The Tempest

Page 32

Fer. Mir. We wish your peace.


Pro. Come with a thought; I thank thee Ariell: come.

Enter Ariell.

Ar. Thy thoughts I cleaue to, what's thy pleasure?

Pro. Spirit: We must prepare to meet with Caliban

Ar. I my Commander, when I presented Ceres I thought to haue told thee of it, but I fear'd Least I might anger thee

Pro. Say again, where didst thou leaue these varlots?

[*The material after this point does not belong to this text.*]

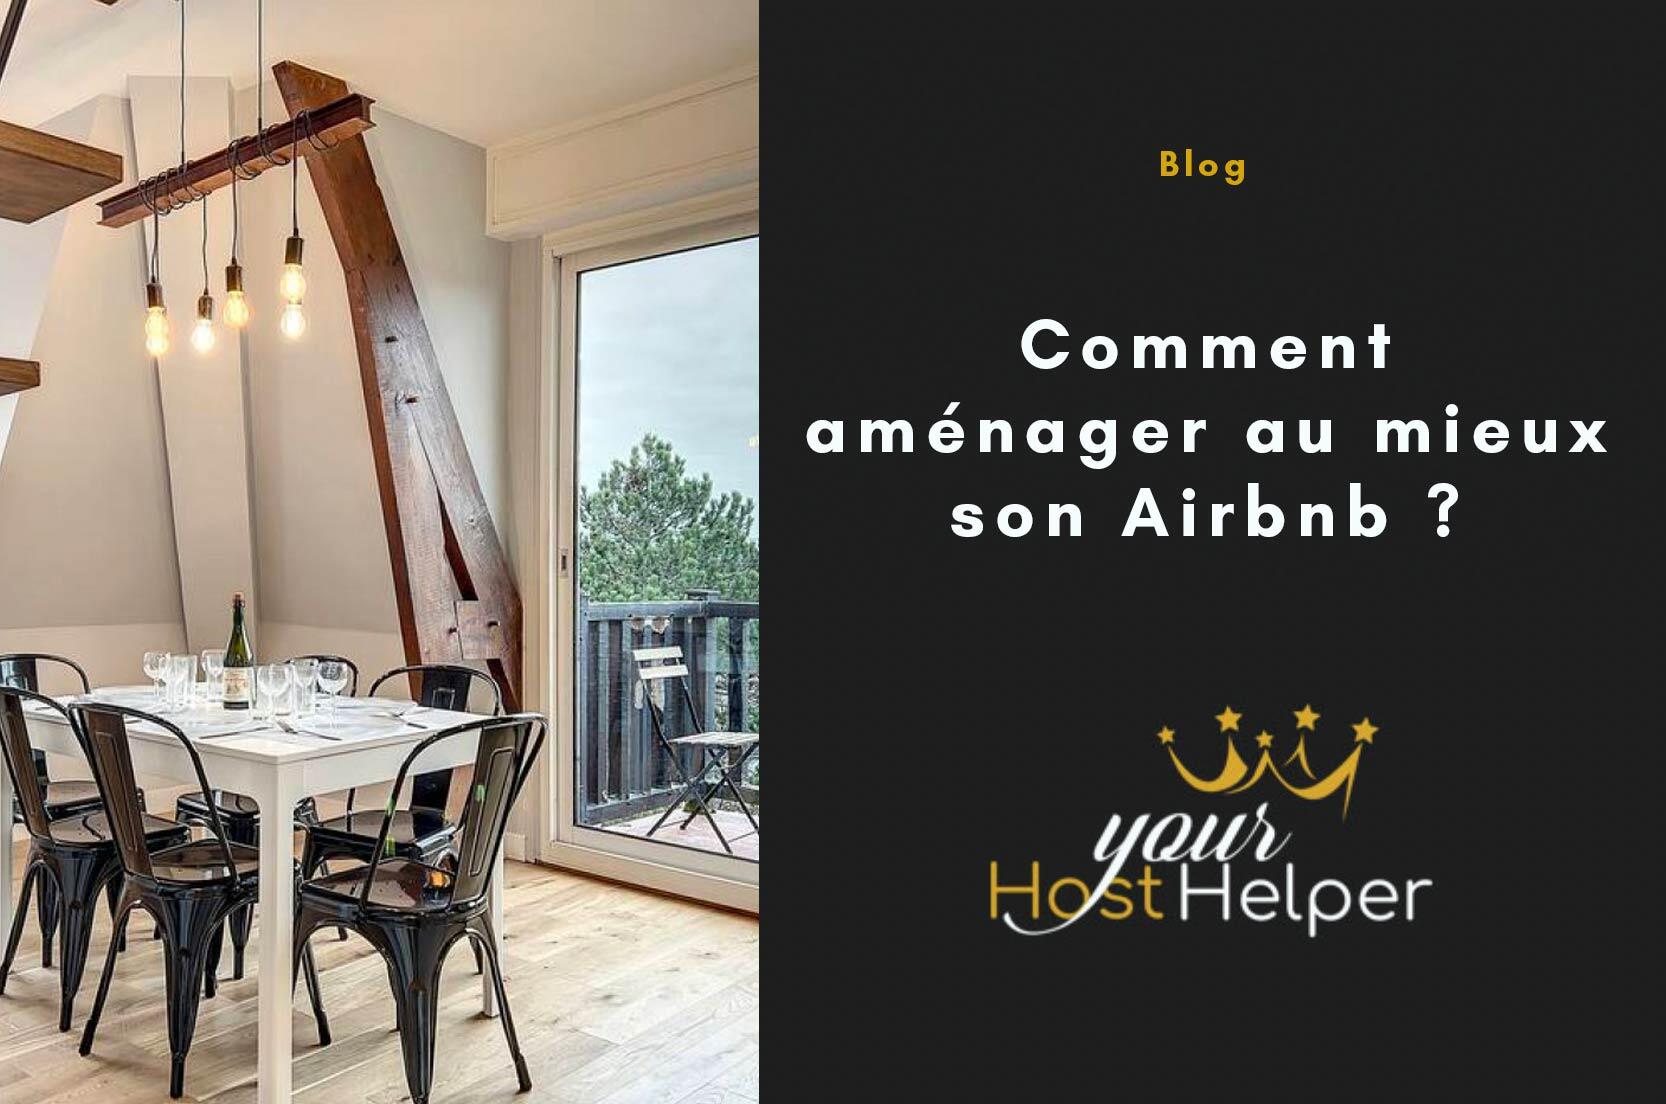 You are currently viewing Comment aménager au mieux son Airbnb ?

Ar. I told you Sir, they were red-hot with drinking, So full of valour, that they smote the ayre For breathing in their faces: beate the ground For kissing of their feete; yet alwaies bending Towards their proiect: then I beate my Tabor, At which like vnback't colts they prickt their eares, Aduanc'd their eye-lids, lifted vp their noses As they smelt musicke, so I charm'd their eares That Calfe-like, they my lowing follow'd, through Tooth'd briars, sharpe firzes, pricking gosse, & thorns, Which entred their fraile shins: at last I left them I'th' filthy mantled poole beyond your Cell, There dancing vp to th' chins, that the fowle Lake Ore-stunck their feet

Pro. This was well done (my bird) Thy shape inuisible retaine thou still: The trumpery in my house, goe bring it hither For stale to catch these theeues

Ar. I go, I goe.


Pro. A Deuill, a borne-Deuill, on whose nature Nurture can neuer sticke: on whom my paines Humanely taken, all, all lost, quite lost, And, as with age, his body ouglier growes, So his minde cankers: I will plague them all, Euen to roaring: Come, hang on them this line.

Enter Ariell, loaden with glistering apparell, &c. Enter Caliban, Stephano, and Trinculo, all wet.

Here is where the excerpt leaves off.